### Provided information ###
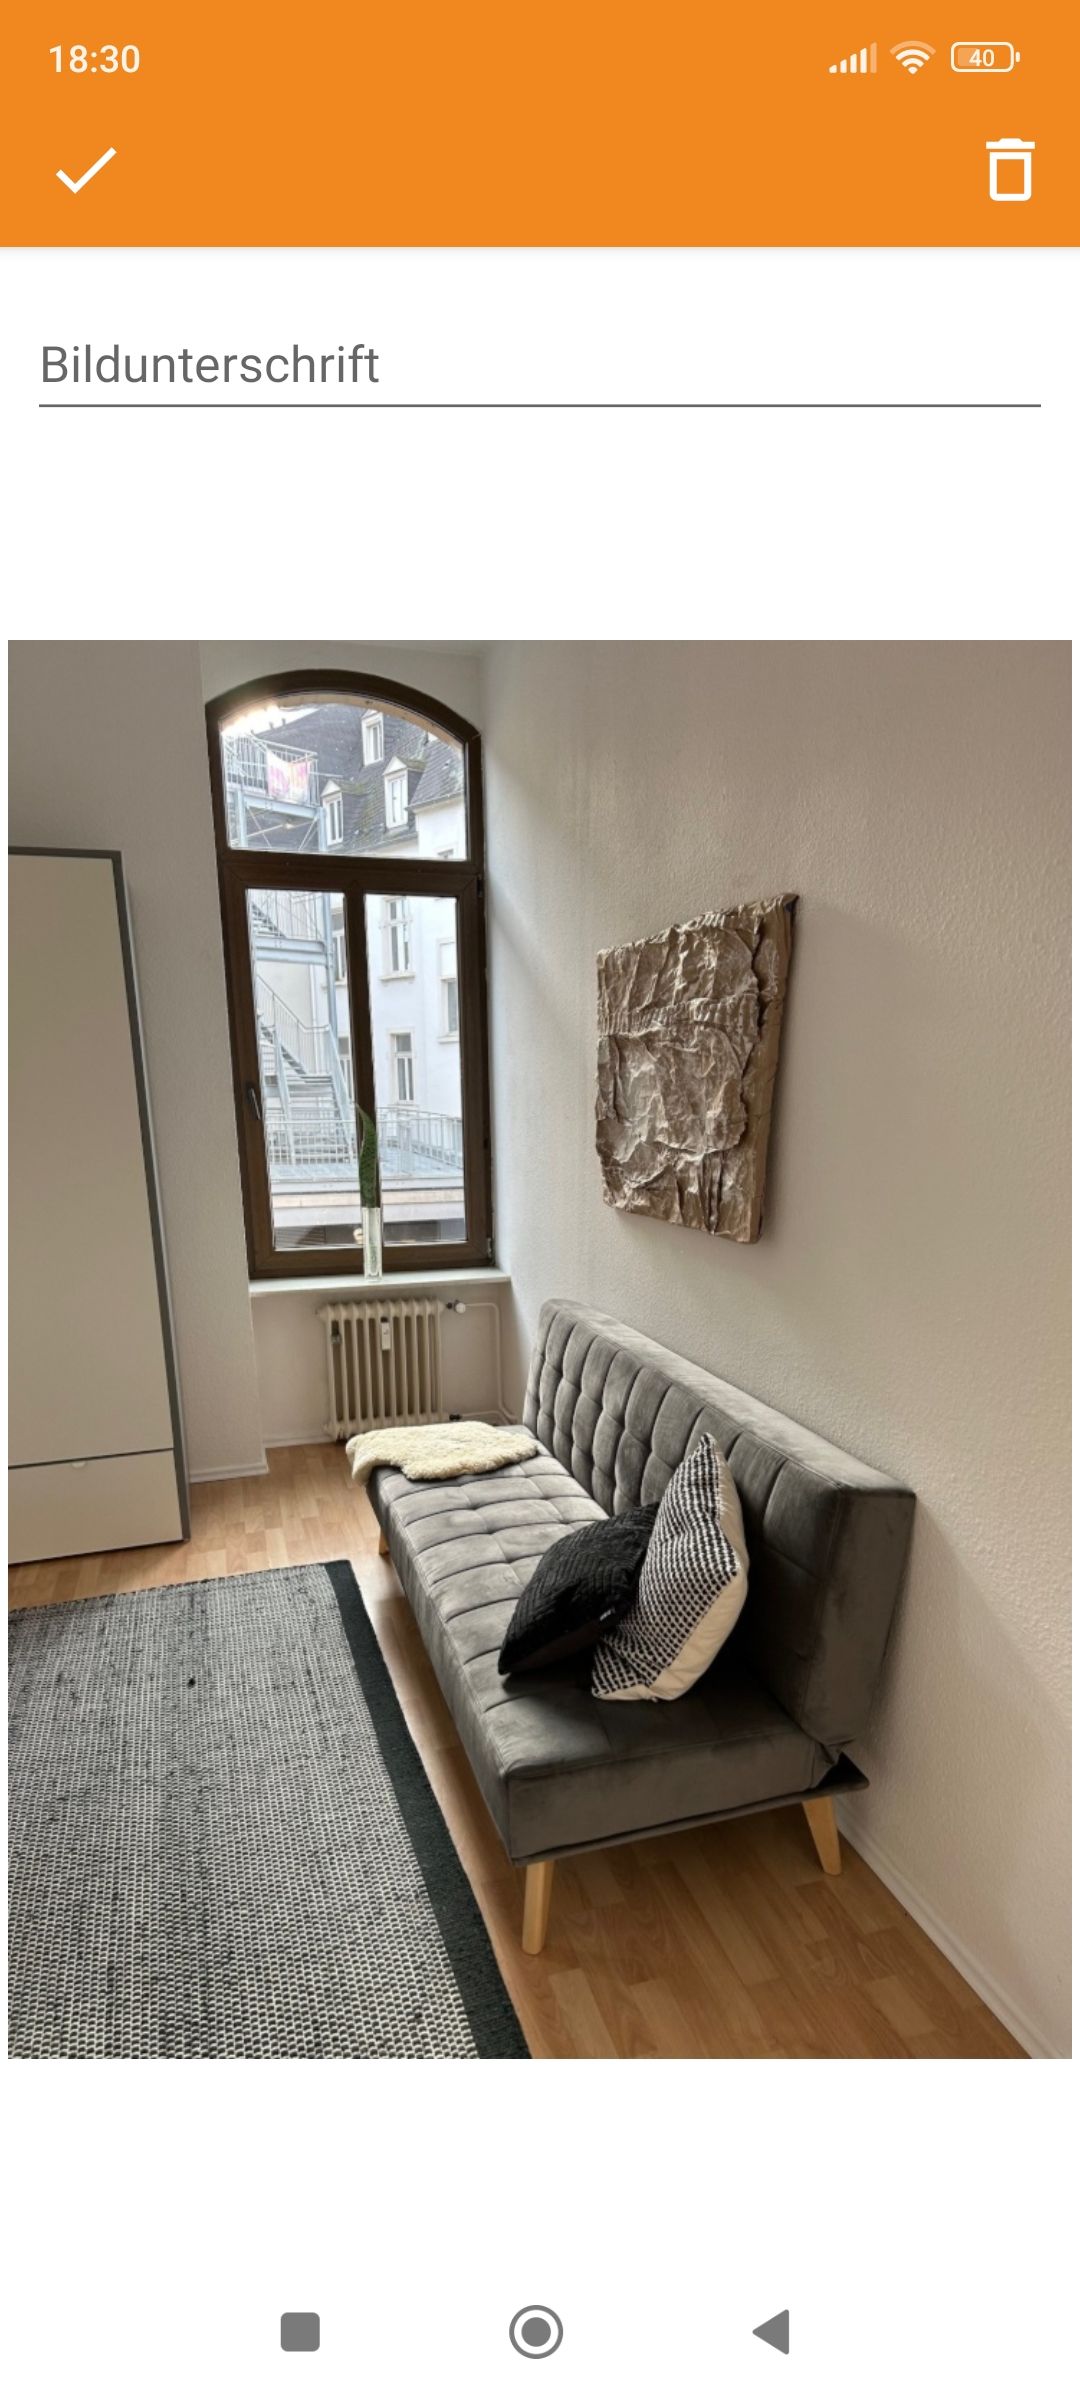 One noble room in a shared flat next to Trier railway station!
###
### Provided information ###
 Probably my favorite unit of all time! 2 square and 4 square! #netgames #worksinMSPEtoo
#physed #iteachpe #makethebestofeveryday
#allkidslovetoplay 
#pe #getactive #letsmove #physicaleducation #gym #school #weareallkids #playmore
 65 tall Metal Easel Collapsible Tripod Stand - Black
###
### Provided information ###
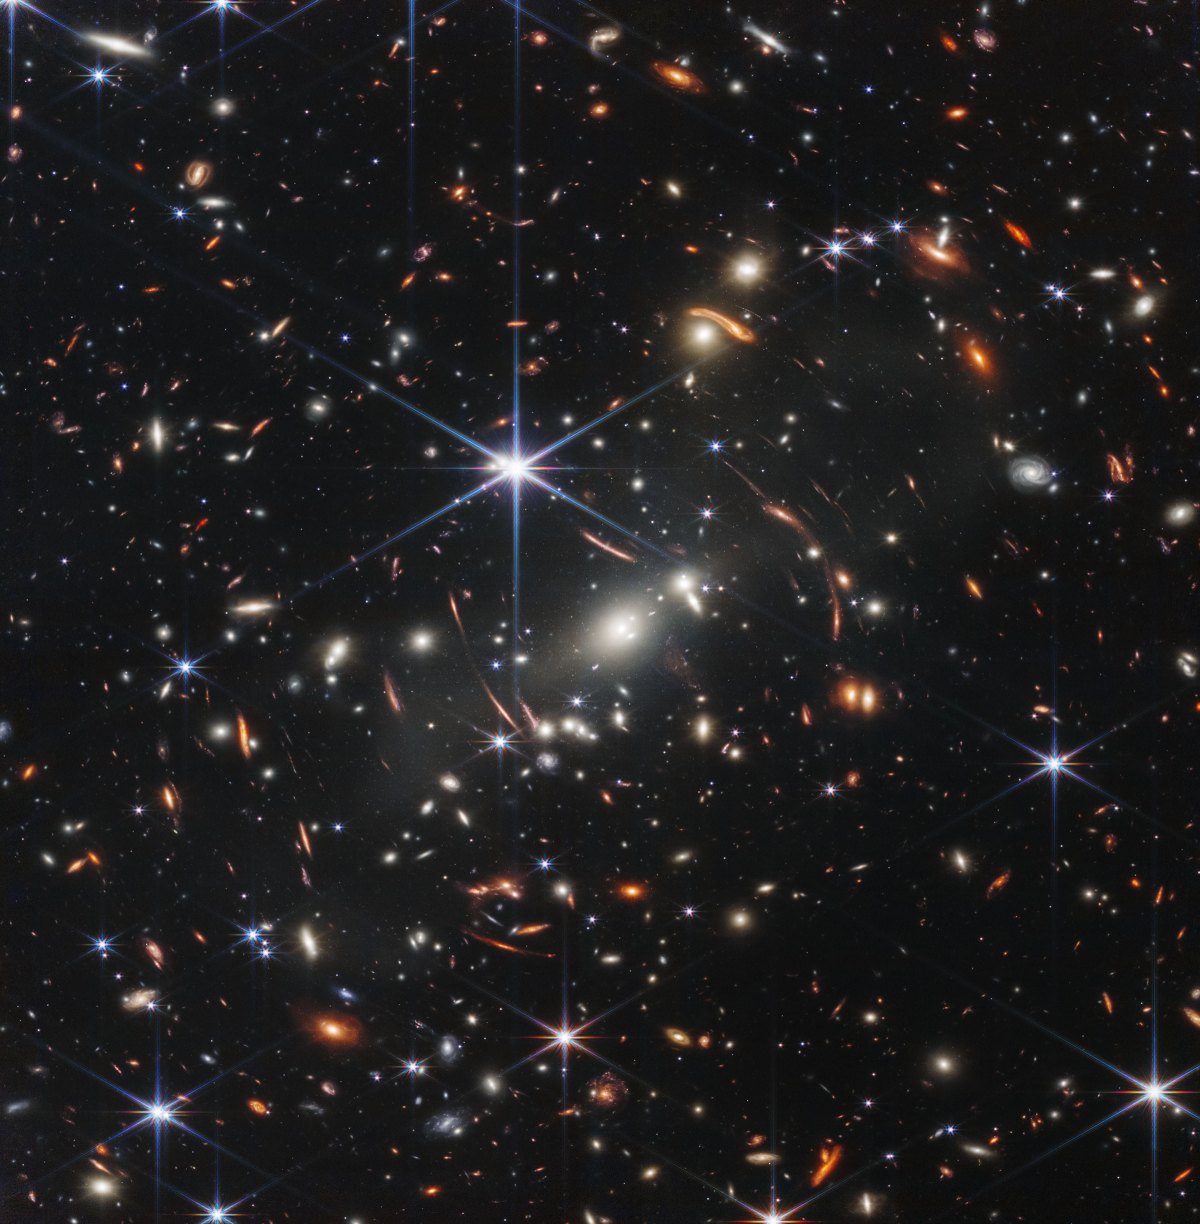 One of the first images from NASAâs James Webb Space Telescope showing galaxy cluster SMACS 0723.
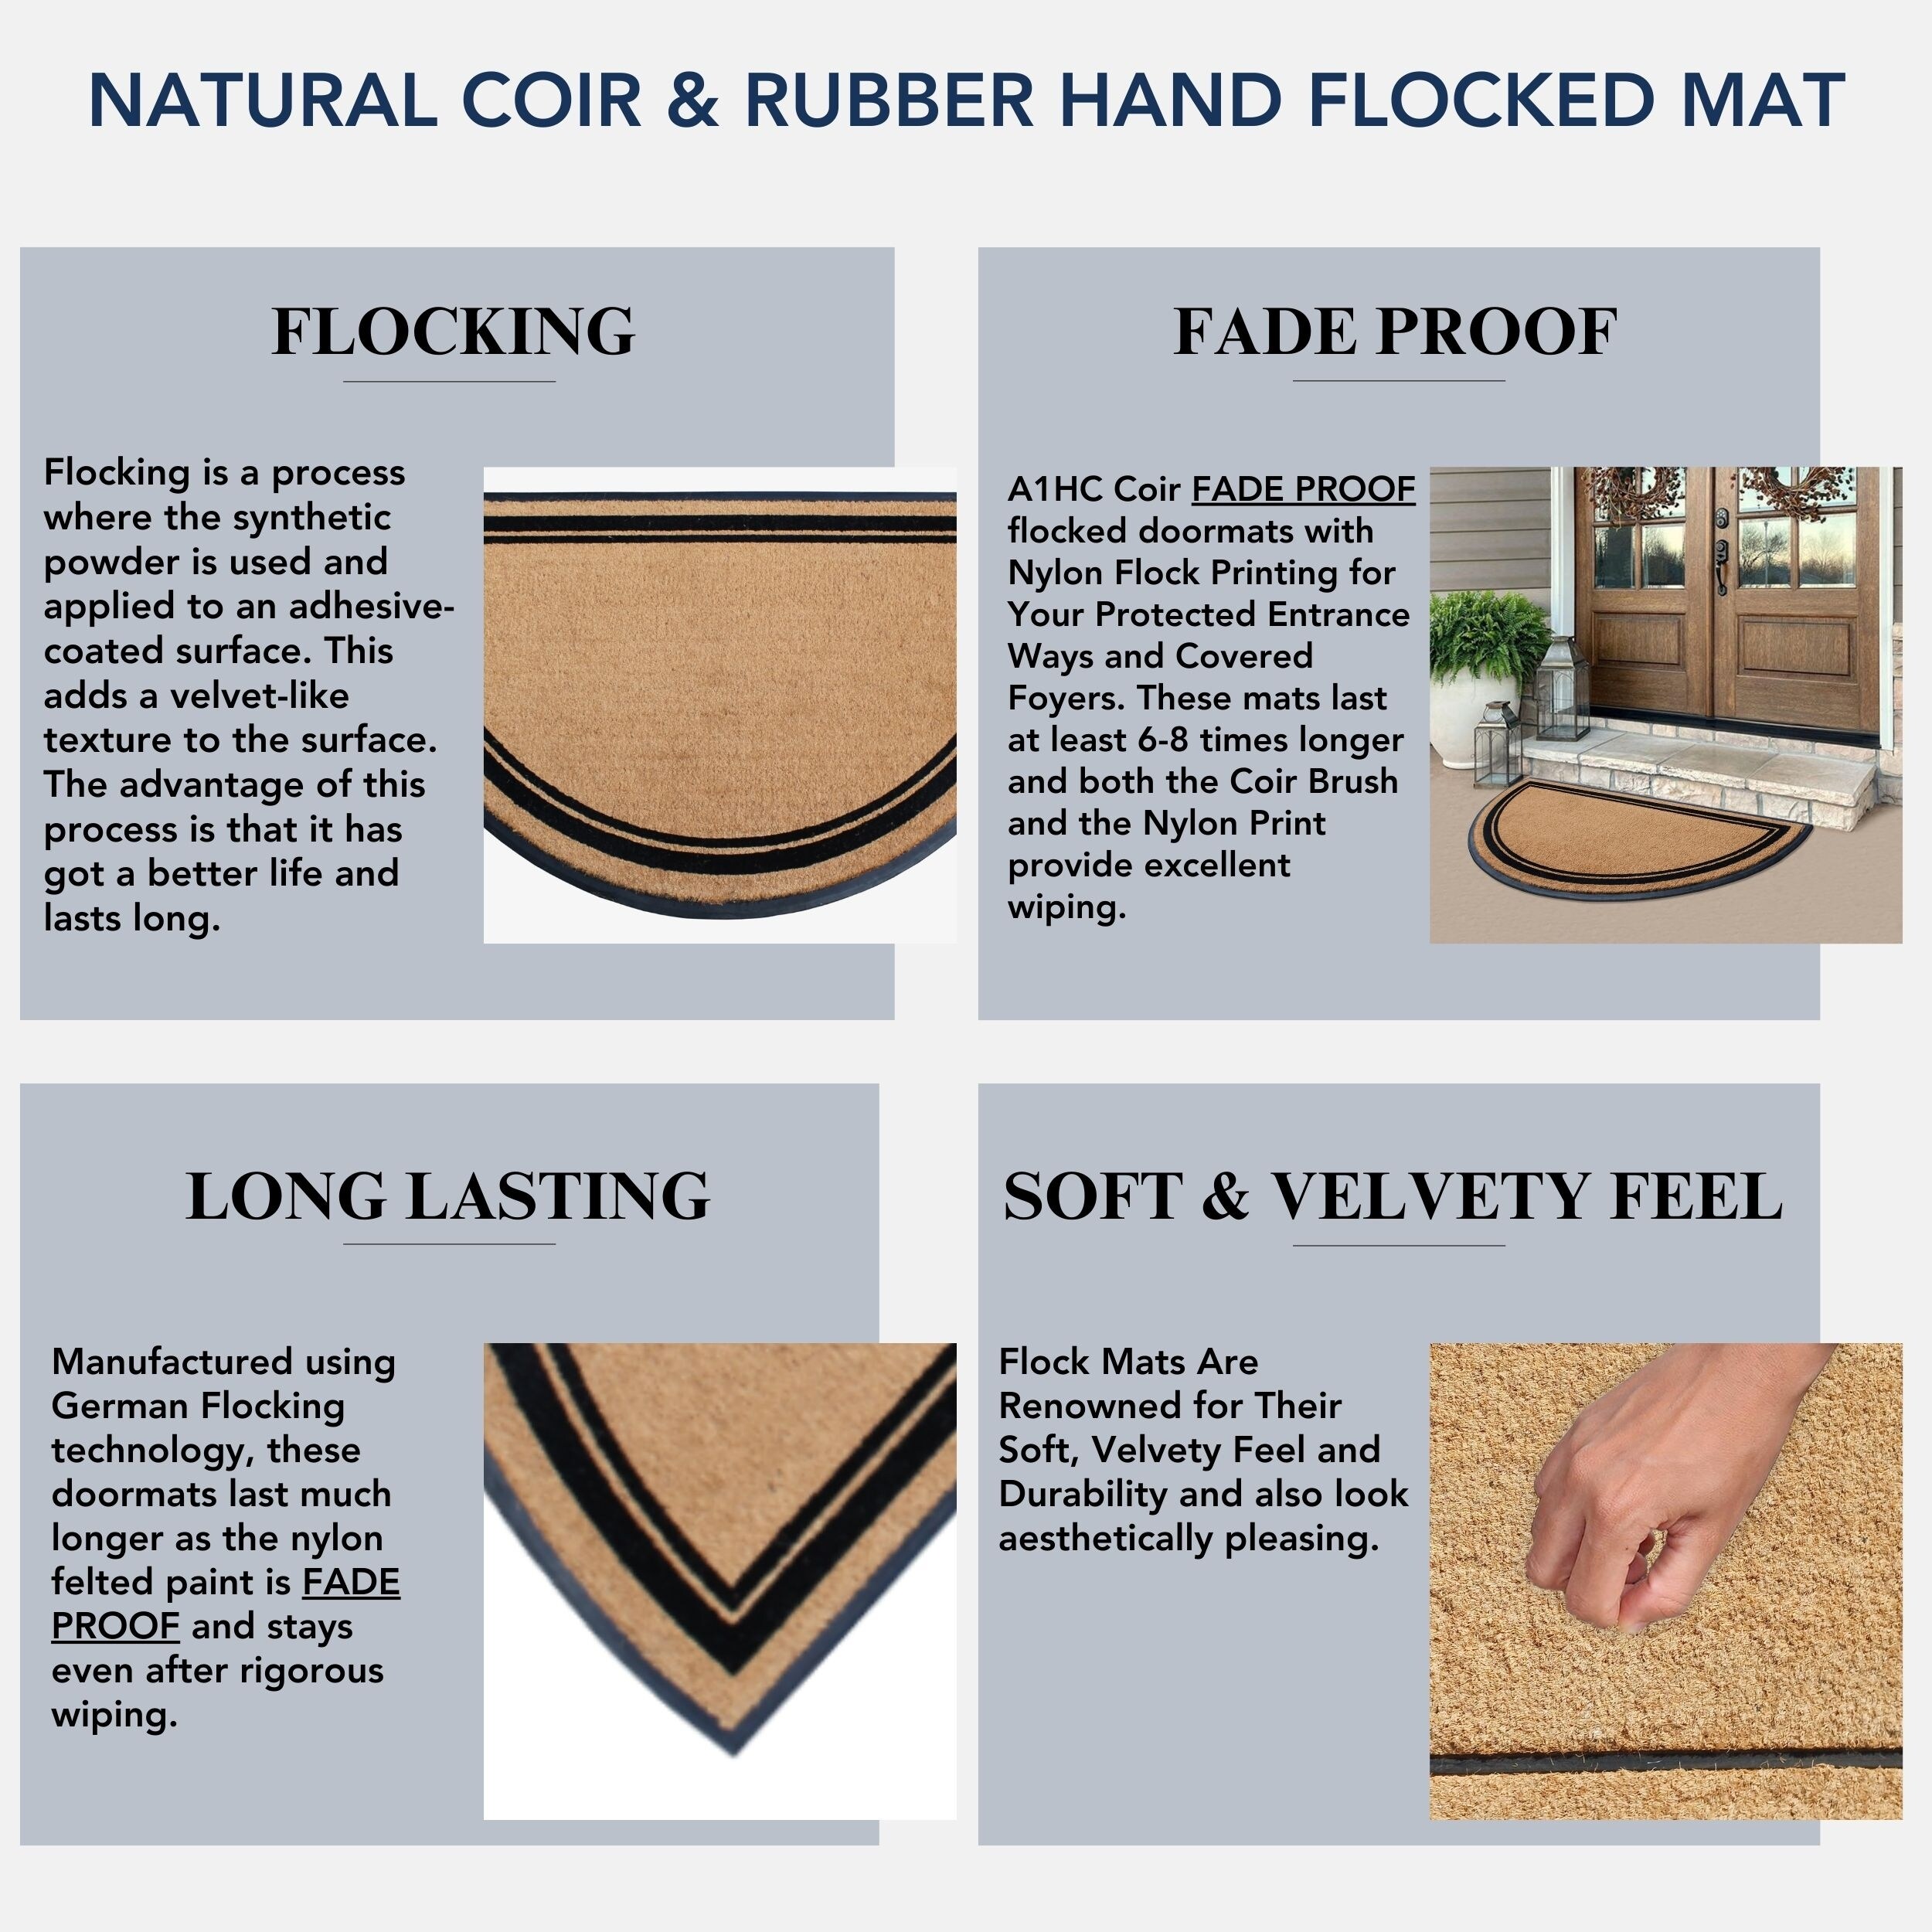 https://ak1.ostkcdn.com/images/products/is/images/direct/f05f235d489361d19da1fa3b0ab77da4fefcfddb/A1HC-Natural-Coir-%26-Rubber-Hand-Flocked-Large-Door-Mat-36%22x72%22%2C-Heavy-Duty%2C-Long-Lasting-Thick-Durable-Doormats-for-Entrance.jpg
###
The lines above from the one with "#pe #getactive #letsmove" through the one with "65 tall Metal" are to be duplicated exactly, ends included, with nothing added.

Output -
#pe #getactive #letsmove #physicaleducation #gym #school #weareallkids #playmore
 65 tall Metal Easel Collapsible Tripod Stand - Black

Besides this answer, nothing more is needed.